Batter Up: The Pitch


Every year, the for-profit college industry educates millions of students in the United States. Their student populations tend to skew towards low-income and at-risk demographics, and for a simple reason: federal student aid. Most of these students qualify for Title IV funding, including Pell Grants and Federal Stafford loans, which have become a steady source of income for these schools. For-profit colleges and universities receive close to $33 billion per year in federal student aid—almost a quarter of the total student aid issued by the government.

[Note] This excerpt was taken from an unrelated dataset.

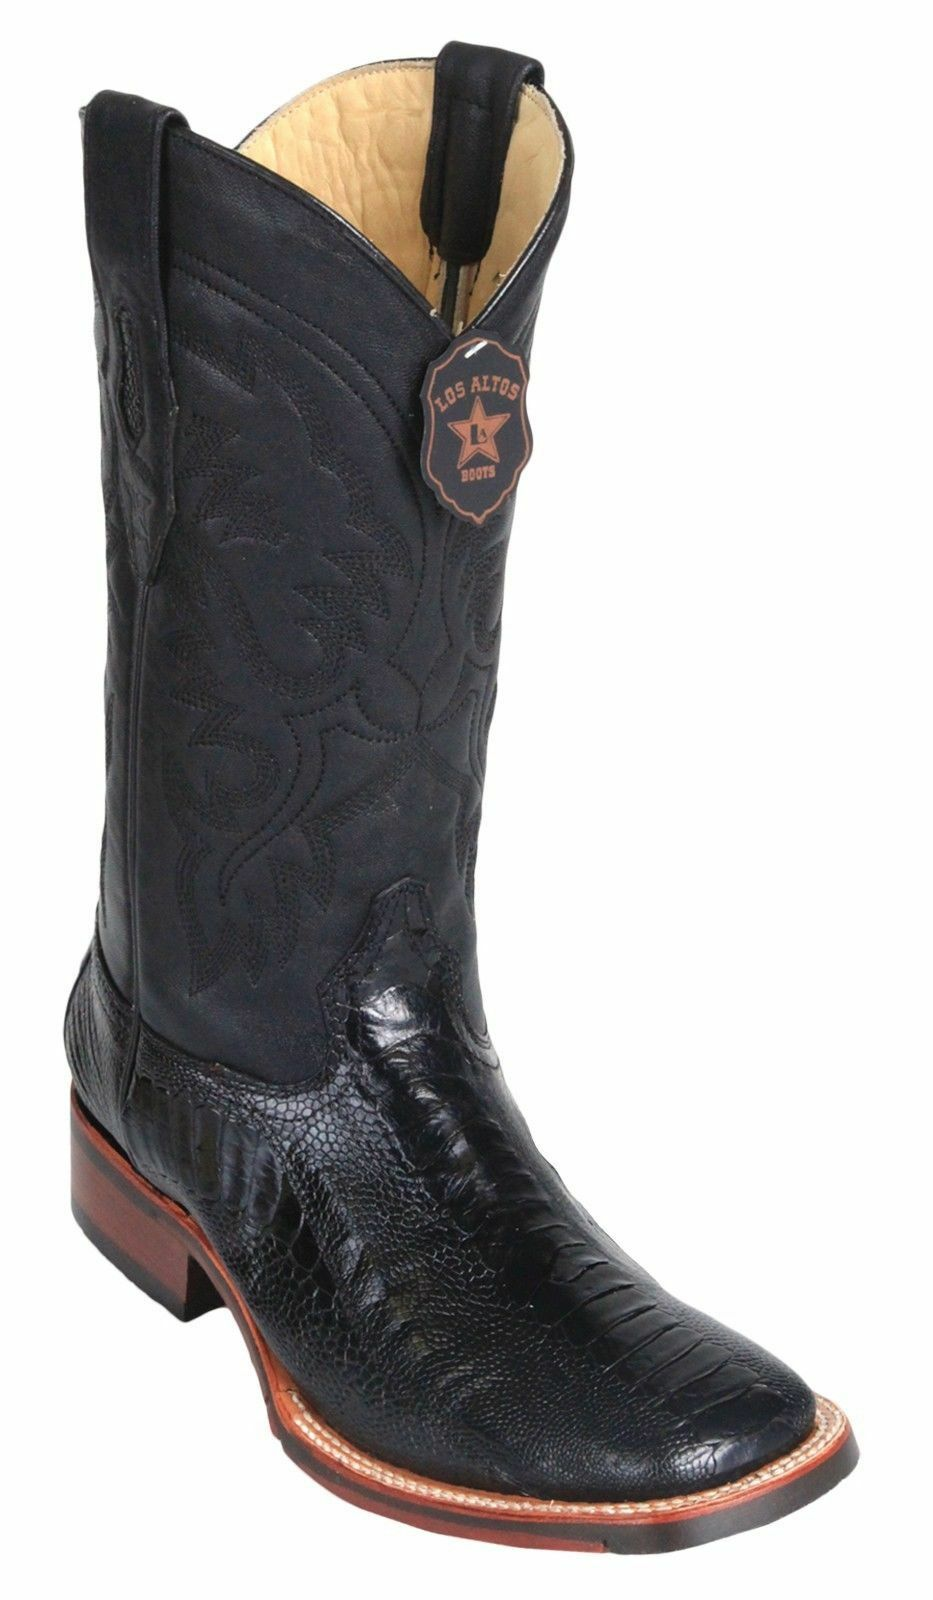 Los Altos BLACK Ostrich LEG Square Toe TPU Rubber Sole Western Cowboy Boot EE

Terrifically inflated tuition costs, coupled with predatory, revenue-driven admission tactics and poor program performance at these schools has lead many students to take on thousands of dollars of debt without any hope of being able to pay it off once they graduate. This is not a new discovery, though it is a timely issue (see the New York Times front page article from last week). Lawsuits are being filed, and court battles are unfolding in the press. Obama’s “gainful employment" rule, designed to protect students from the predatory practices of these schools, has come under fire. People are talking about it, but no one is doing anything interesting with the hard data. (One bad chart as the exception).

A lot of the focus on for-profit colleges is around their un-ethical practices. I’ve seen it all firsthand, at over 60 campuses in 17 states, and it’s unsettling. However, I want to take a bit of a different angle on it.

Often the promise of federal aid is the tipping point in a student’s decision to enroll in a for-profit college. Many already receive other federal entitlements (welfare, medicaid, SNAP) and don’t always understand that a Stafford loan has to be paid back—or that it won’t cover the full cost of tuition. I want to look at several factors to determine whether the federal government’s continued relationship with for-profit colleges is sinking low-income students further into poverty. (My big question: What do I need to prove this? Can it be proved or is it all correlation? Would I be more likely to have good data for a smaller question, like, Are you more likely to go bankrupt with a degree from a for-profit college than with no degree at all? Help me wrangle my ambitions if they're too large, please.)

I want to collect information on low-income students from the federal government, including how many receive title IV funding, how many attend for-profit schools, average salary expectations for fields taught at for-profit colleges, federal loan default rates, bankruptcy rates among low-income individuals who hold a degree/certificate, and other factors (TBD, still trying to figure out what all I would need to know). I also want to pull down information from the colleges, including number of students receiving federal aid, median debt upon graduation, program placement rates, expected salary, etc.).

I’ve identified what seem to be the 11 largest parent corporations of for-profit schools (University of Phoenix, DeVry, Kaplan, ITT Tech, Corinthian Colleges, Career Education Corp., Bridgeport Education, Premier Education Group, Education Management Corp., and American Commercial College) and am in the process of determining how much data they have available online. They are required by law to publish certain statistics (program placement rates, median debt upon graduation, tuition cost, etc.) though many of them are in PDF format. This means I’d need to know more about scraping data as well as how to pull data from PDF forms into a database or spreadsheet. The info from the federal government will be easy to attain (thank you, data.gov/bls.gov!) though figuring out what all I need from them will be a trick.

Most of these big corporations are private companies, and so getting FTC filings is impossible. A few, however, are publicly traded. Hopefully some of their data will be useful.

I envision this project as a combination of clear data visualizations coupled with a written piece describing my findings. I’m also currently working on a video piece about the same topic (which includes interviews with current and former students and admissions reps), and would love to integrate motion graphics of the charts/data viz into that as well. But I’ll start with the charts.

One would hope this could be published at ProPublica, since education is their jam. Honestly, I'd be happy with anything.